Going from 2 to 4 servers, throughput drops ~25% (2,067 → 1,550 msg/s) and latency increases slightly. This is expected: each message published by any server is routed to 4 queues (one per server per room) instead of 2. The 30 publish workers on each server now fan out to 4× more consumers, increasing RabbitMQ publish overhead and tightening back-pressure on the WebSocket read loops. The bottleneck shifts from CPU contention to RabbitMQ fan-out overhead.
publishChanSize=4,000 with blocking Publish(ctx) applies back-pressure from the RabbitMQ publish path all the way back to the WebSocket read loops:
WebSocket read loop → broadcastAndPublish → Publish(ctx) blocks on full publishChan
→ TCP back-pressure to client → client slows send rate
This keeps RabbitMQ queue depth bounded (~260 peak for 2 servers, ~1,100 peak for 4 servers) rather than allowing unbounded message accumulation. Queues drain to 0 after each test run.
| Configuration | Peak queue depth | Post-test drain |
|---|---|---|
| 1 server | ~8,000 | Full drain (self-filter path) |
| 2 servers | ~260 (oscillating) | Full drain |
| 4 servers | ~1,100 | Full drain |
With 1 server, all messages are self-filtered (same ServerID), so the queue spikes during the test then drains quickly. With multiple servers, the oscillating pattern reflects real cross-server fan-out with continuous publish/consume cycling.

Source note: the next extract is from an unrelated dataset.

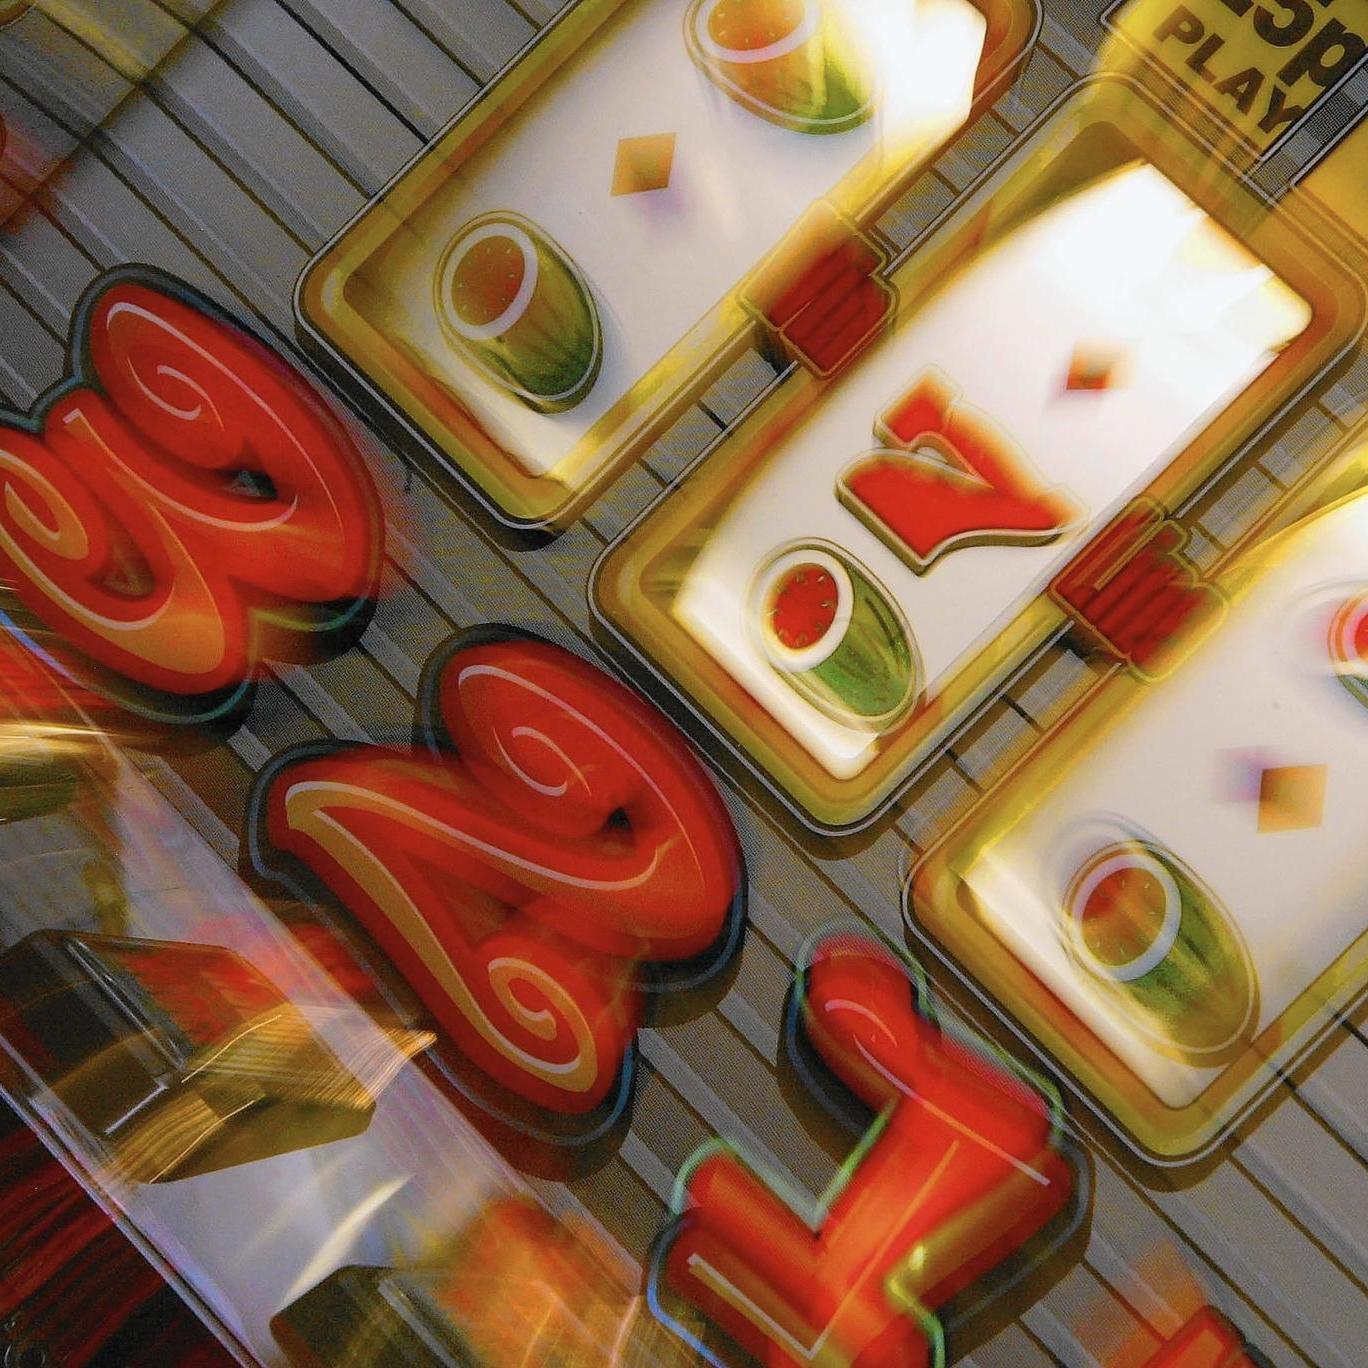 is online gambling legal in pennsylvania

Latency is dominated by publishChan contention: 1,000 goroutines competing for a 4,000-capacity channel with 30 drain workers. This creates a queuing delay proportional to the number of connections per server. The bottleneck is not RabbitMQ itself but the publish channel acting as an intentional rate limiter.
All three configurations delivered 502,000 messages with 0 failures, demonstrating that the architecture is stable under load regardless of server count.